According to PwC's Workforce Pulse Survey from July, just 30% of employees said they received training on protecting company and personal data and information, even though about 70% of technology officers said they increased cybersecurity training because of the pandemic. And 23% of employees said their organization didn't offer a "compelling case" for good cybersecurity practices, and less than 30% said their employer provided a device for them to use while working remotely without having to use their own personal equipment.
Data breaches from cyberattacks could land company leaders in legal trouble, Jodka said. In January 2019, former officers and directors of Yahoo agreed to pay $29 million to settle claims that they had mishandled customer data during several cyberattacks from 2013 to 2016 that compromised three billion user accounts.

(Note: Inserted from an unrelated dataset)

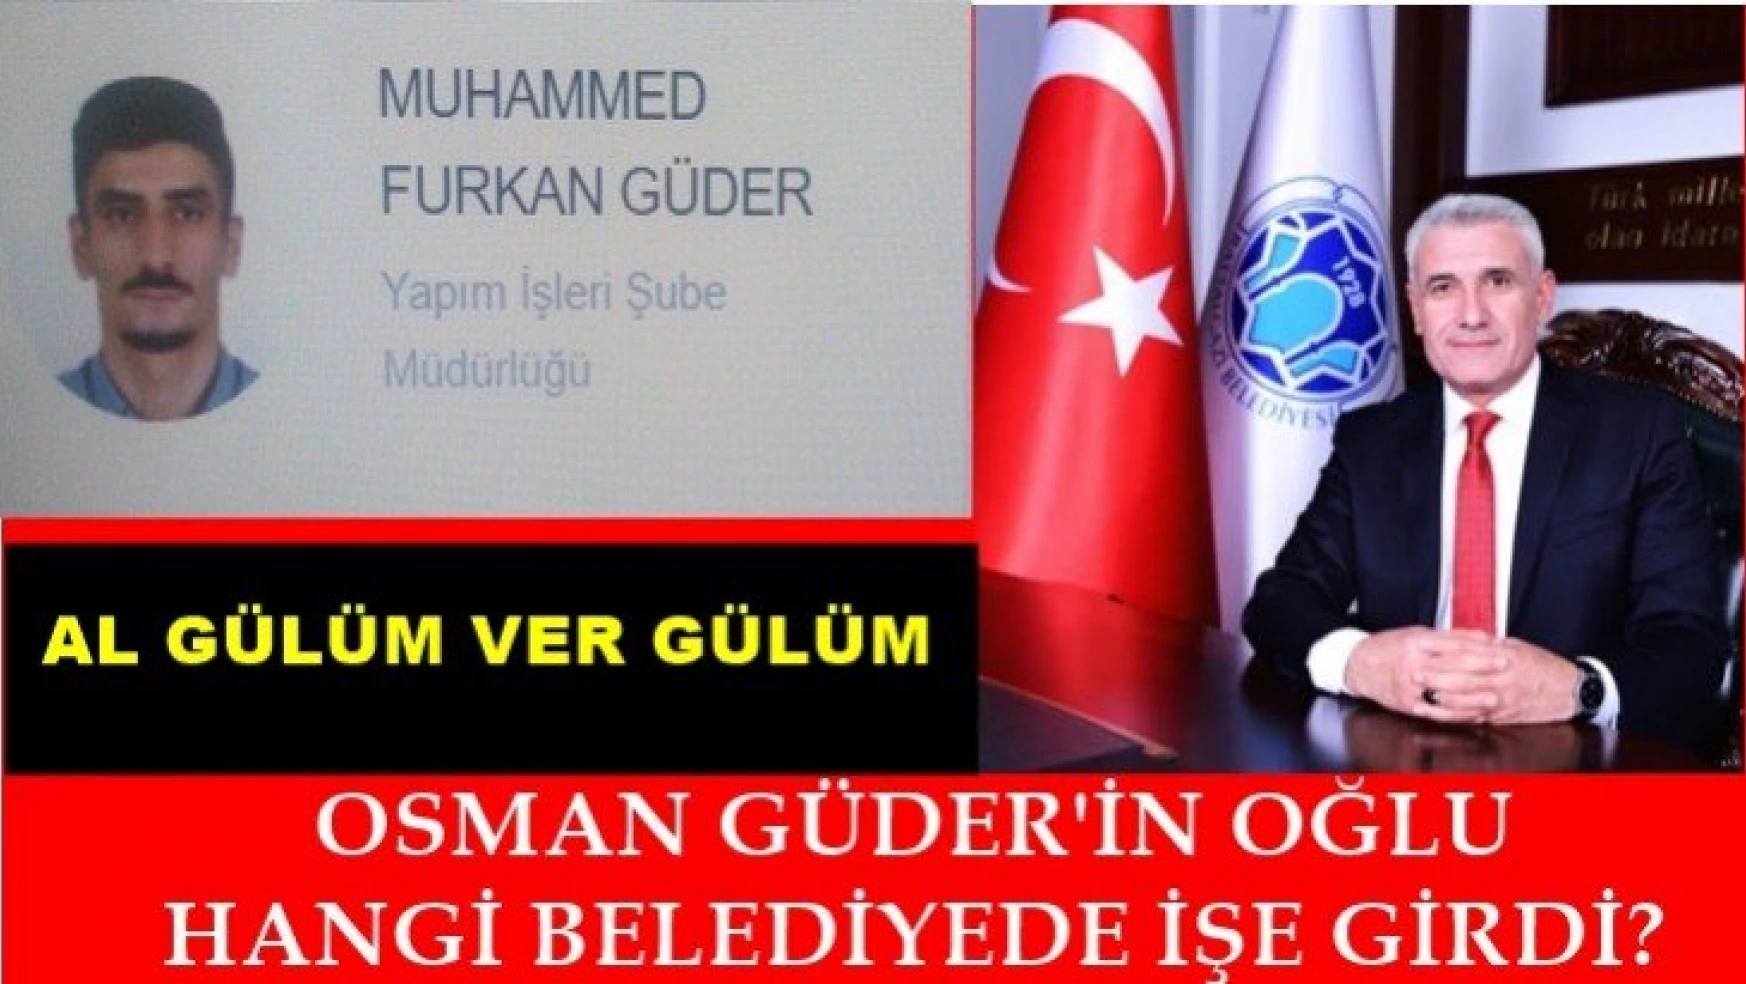 Osman Güder'in oğlu hangi belediyede işe girdi?

The Yahoo case "changed the game," Jodka said, showing that cybercrime could be seen as a breach of the duty of care and duty of loyalty that officers and boards of directors have to their organizations.
As the transition to remote work continues, cyberthreats will likely intensify, and investing in cybersecurity to tighten security remains a critical issue for businesses of all sizes.
"The issue is still significant as thousands and thousands of dollars continue to go out the door in response to these phishing and other schemes," Jodka said.